Author: noob_tech
Tester: noob_tech
Editorialist: noob_tech
DIFFICULTY:
CAKEWALK, SIMPLE, EASY.
PREREQUISITES:
Math .
PROBLEM:
CodeMaster is given an integer N. CodeMaster has to find the sum of series upto N terms.
1*(3^2)+2*(5^2)+3*(7^2)+…
Cosider: N=2 Here the total_sum= 1*(3^2)+2*(5^2).
total_sum= 59.
Help the CodeMaster to find sum to N terms and Print Total_sum
QUICK EXPLANATION:
In this particular pattern we can use formula (n*(n+1) * ((6* n * n)+(14*n)+7))/6. Alse we can use simple for loop for finding Nth term of the series.
EXPLANATION:
we are given an integer N and we have to find the sum of the series upto Nth term.

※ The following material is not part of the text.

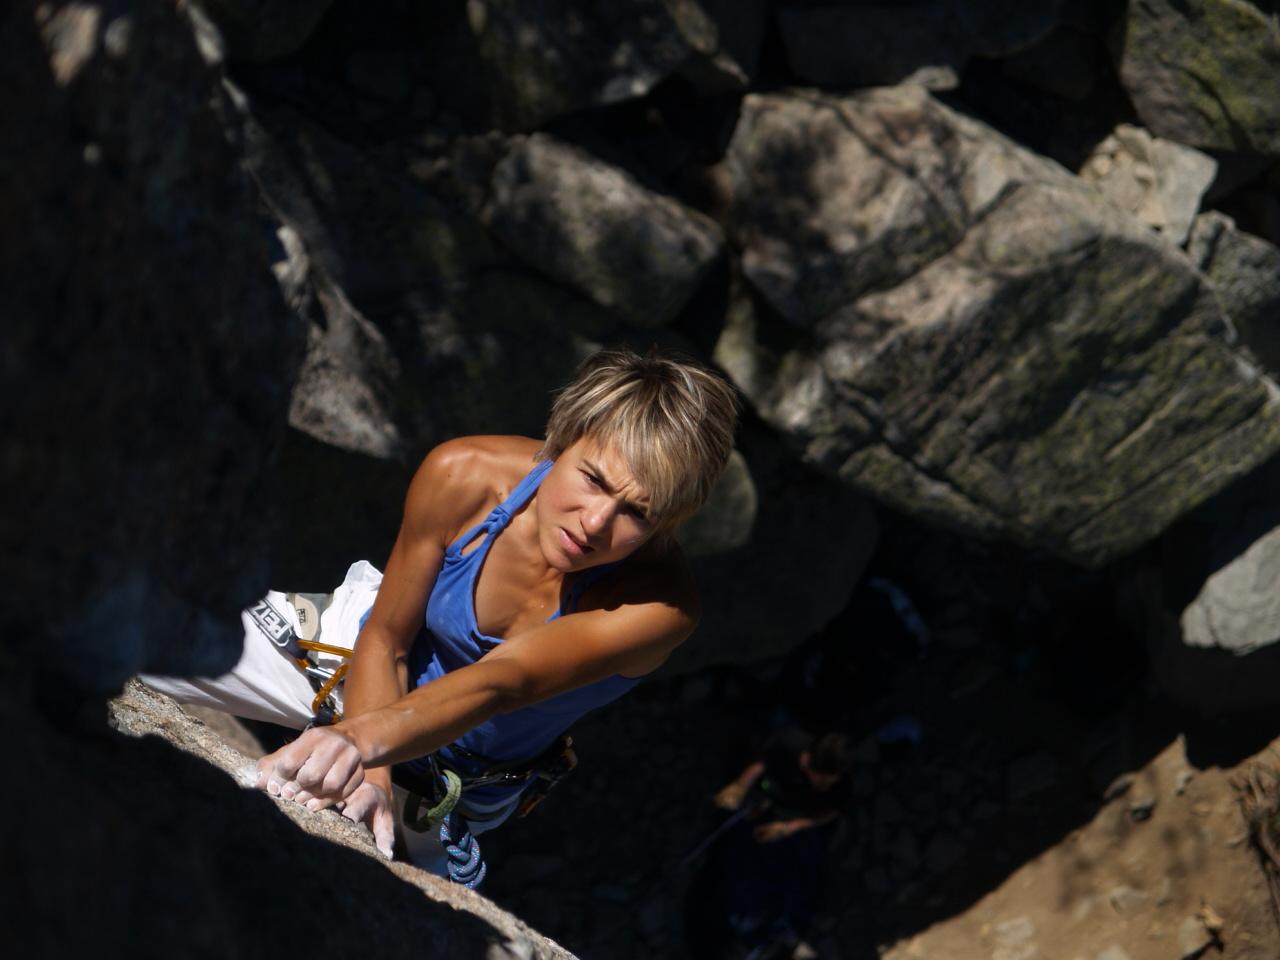 Ex-world champion and 8c+ climber Liv Sansoz, 222 kb

Consider N=3, For N=3 total_sum will be 1(3^2)+2(5^2)+3(7^2).
Therefore Total_sum will be 206.
SOLUTIONS:
Setter's Solution
#include<bits/stdc++.h>
using namespace std;
int main()
{
int t;
cin>>t;
while(t–)
{
int n;
cin>>n;
long long total_sum=(n*(n+1) * ((6 * n* n)+(14*n)+7))/6;
cout<<total_sum<<endl;
}
return 0;
}
Tester's Solution
#include<bits/stdc++.h>
using namespace std;
int main()
{
int t;
cin>>t;
while(t–)
{
int n;
cin>>n;
long long total_sum=(n*(n+1) * ((6 * n* n)+(14*n)+7))/6;
cout<<total_sum<<endl;
}
return 0;
}
Editorialist's Solution
#include<bits/stdc++.h>
using namespace std;
int main()
{
int t;
cin>>t;
while(t–)
{
int n;
cin>>n;
long long total_sum=(n*(n+1) * ((6 * n* n)+(14*n)+7))/6;
cout<<total_sum<<endl;
}
return 0;
}